**SUPPLIED INFORMATION:**
::::::

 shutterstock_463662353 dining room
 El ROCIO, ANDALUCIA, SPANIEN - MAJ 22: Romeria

::::::

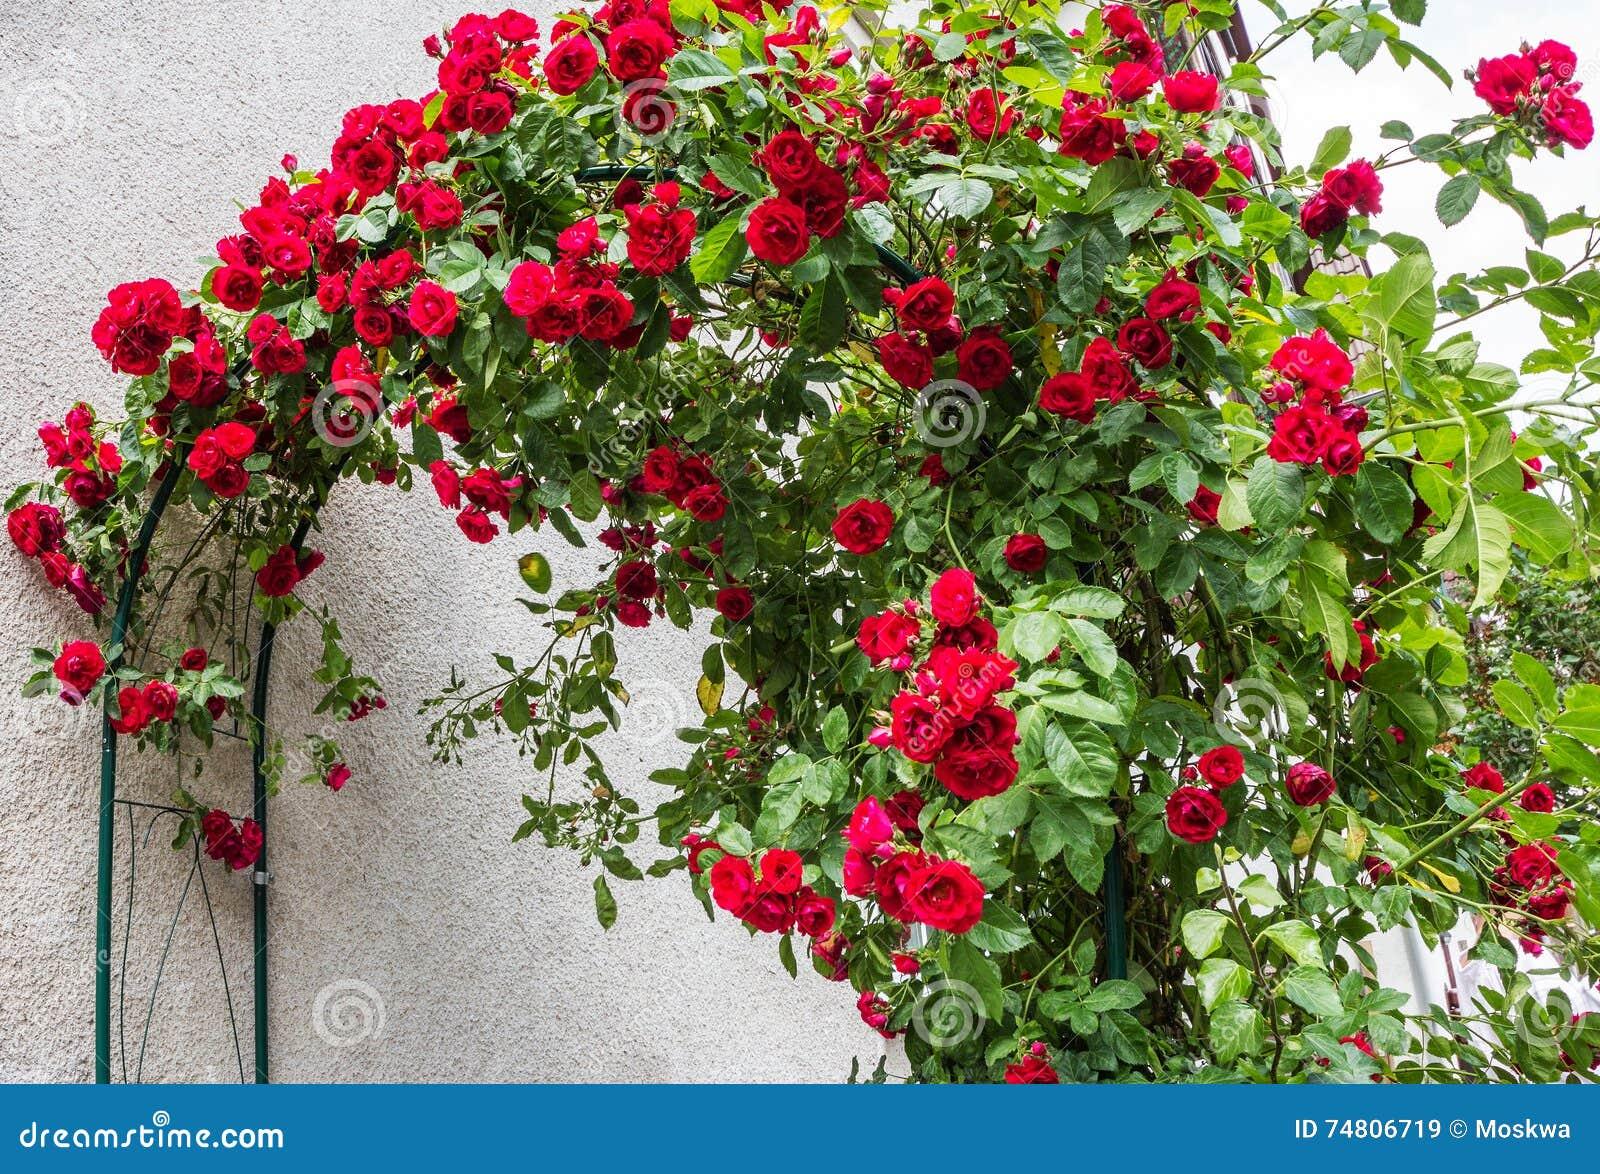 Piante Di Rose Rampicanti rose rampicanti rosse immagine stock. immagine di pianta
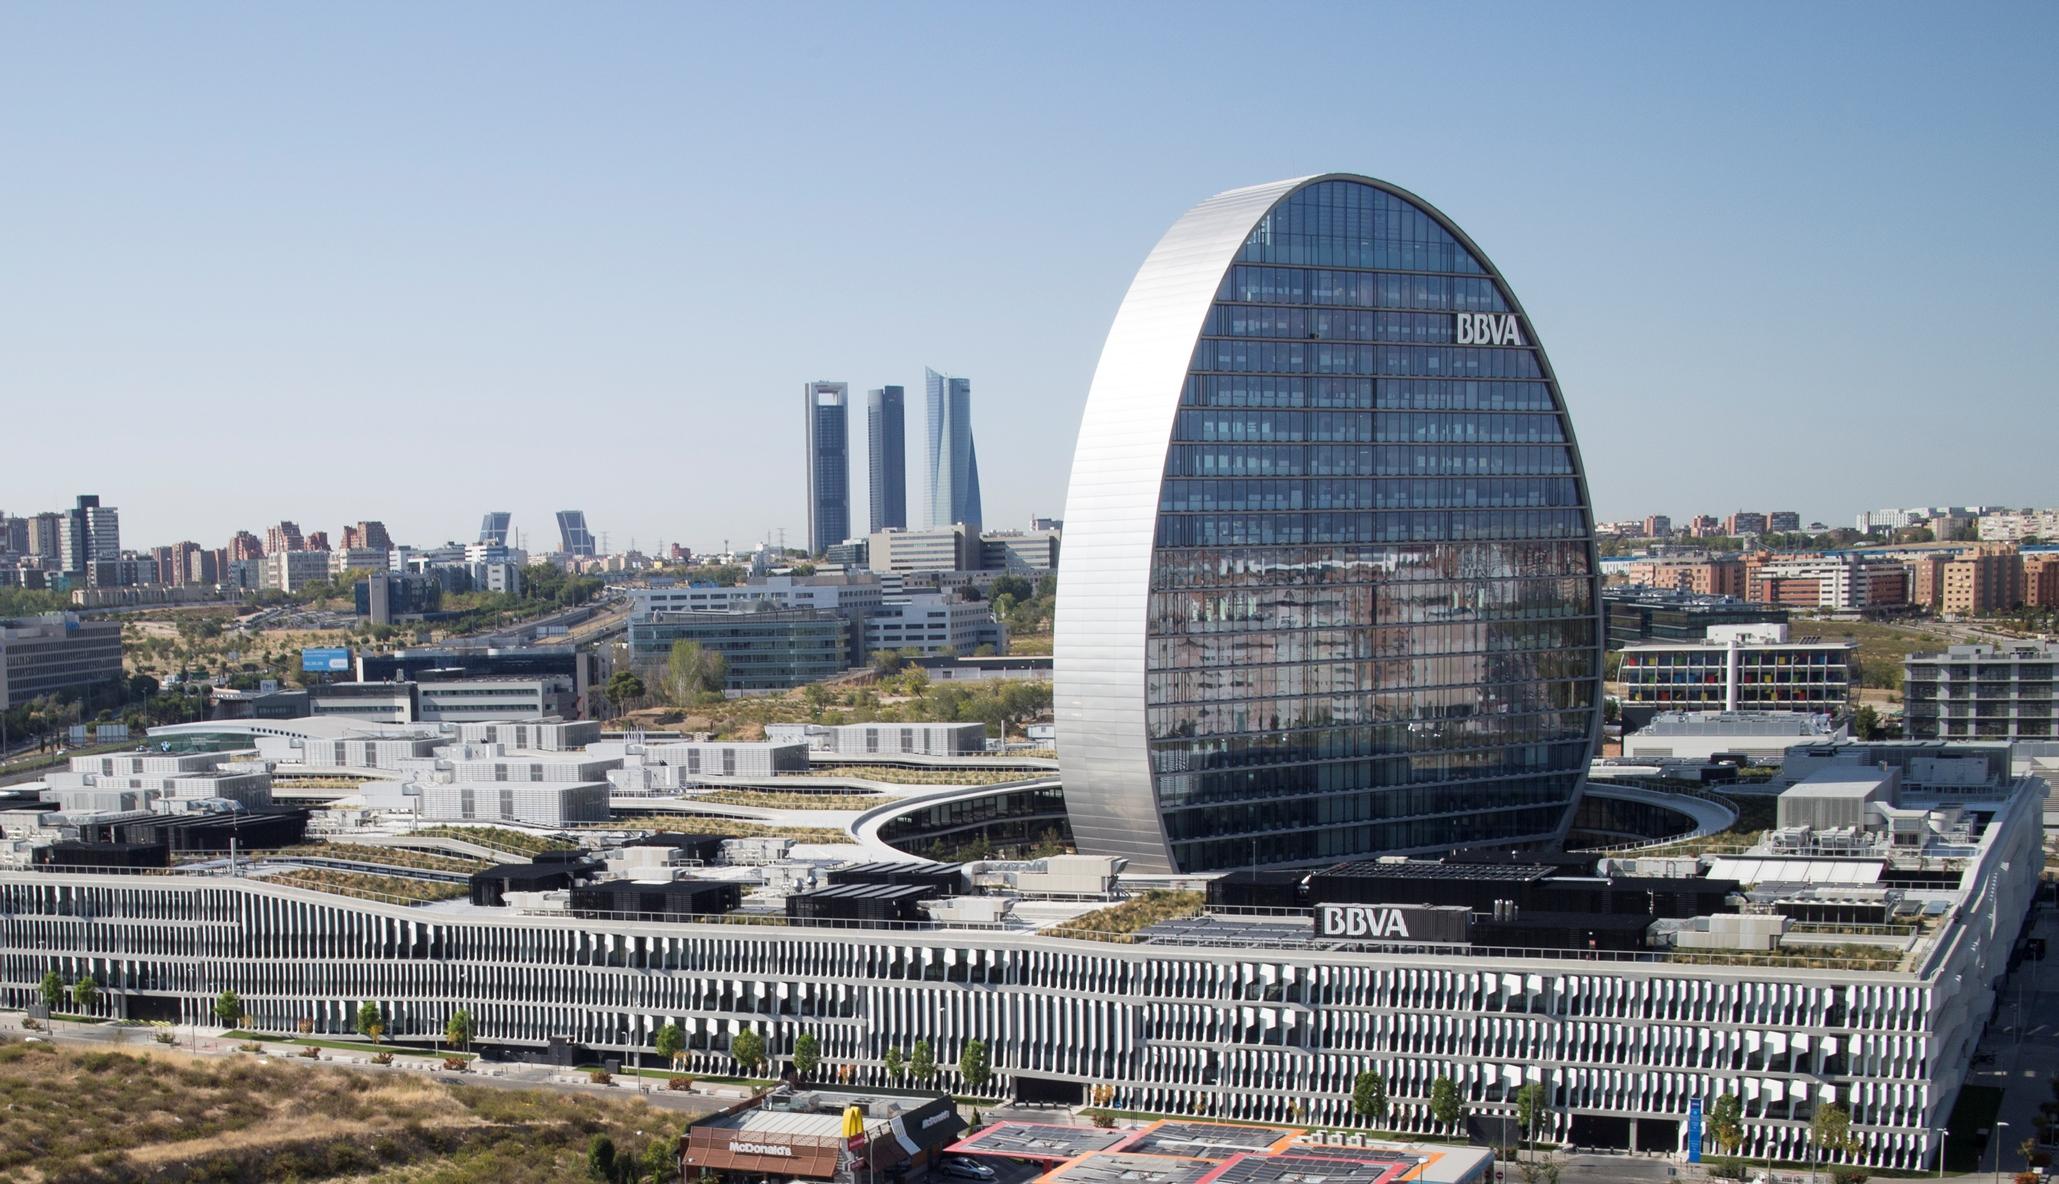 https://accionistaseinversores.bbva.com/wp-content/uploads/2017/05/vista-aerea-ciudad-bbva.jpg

::::::

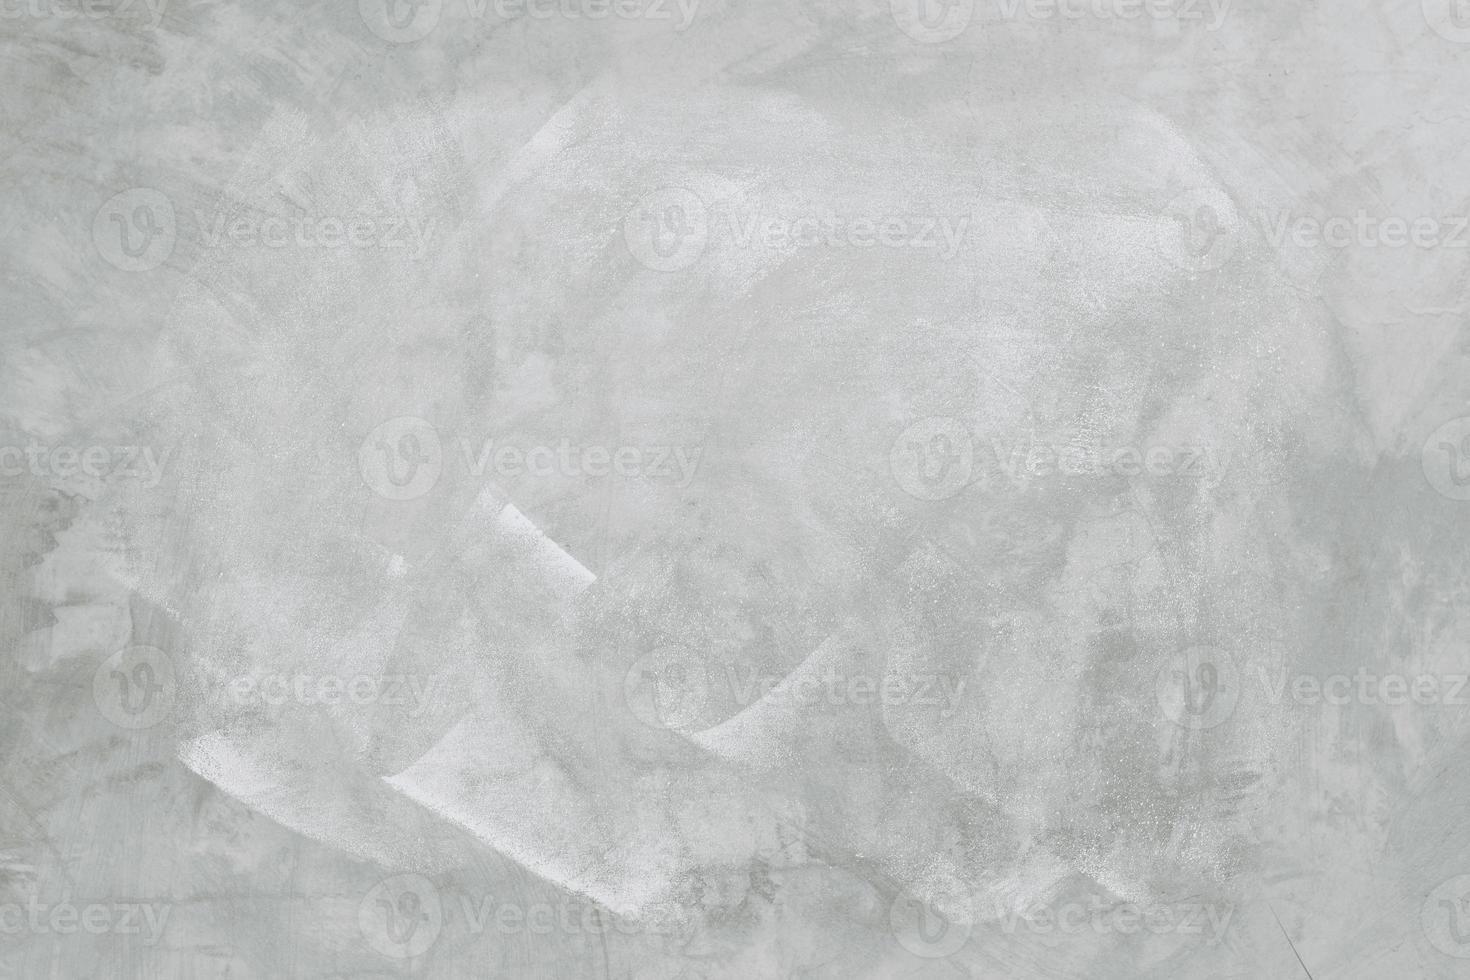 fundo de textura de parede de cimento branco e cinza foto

::::::

**WHAT THE TASK ASKS:** Above this task is a listing. Restate, word for word and with nothing added, the lines from the one with "shutterstock_463662353 dining room" through the one with "El ROCIO, ANDALUCIA, SPANIEN".

**ANSWER SPACE:**
 shutterstock_463662353 dining room
 El ROCIO, ANDALUCIA, SPANIEN - MAJ 22: Romeria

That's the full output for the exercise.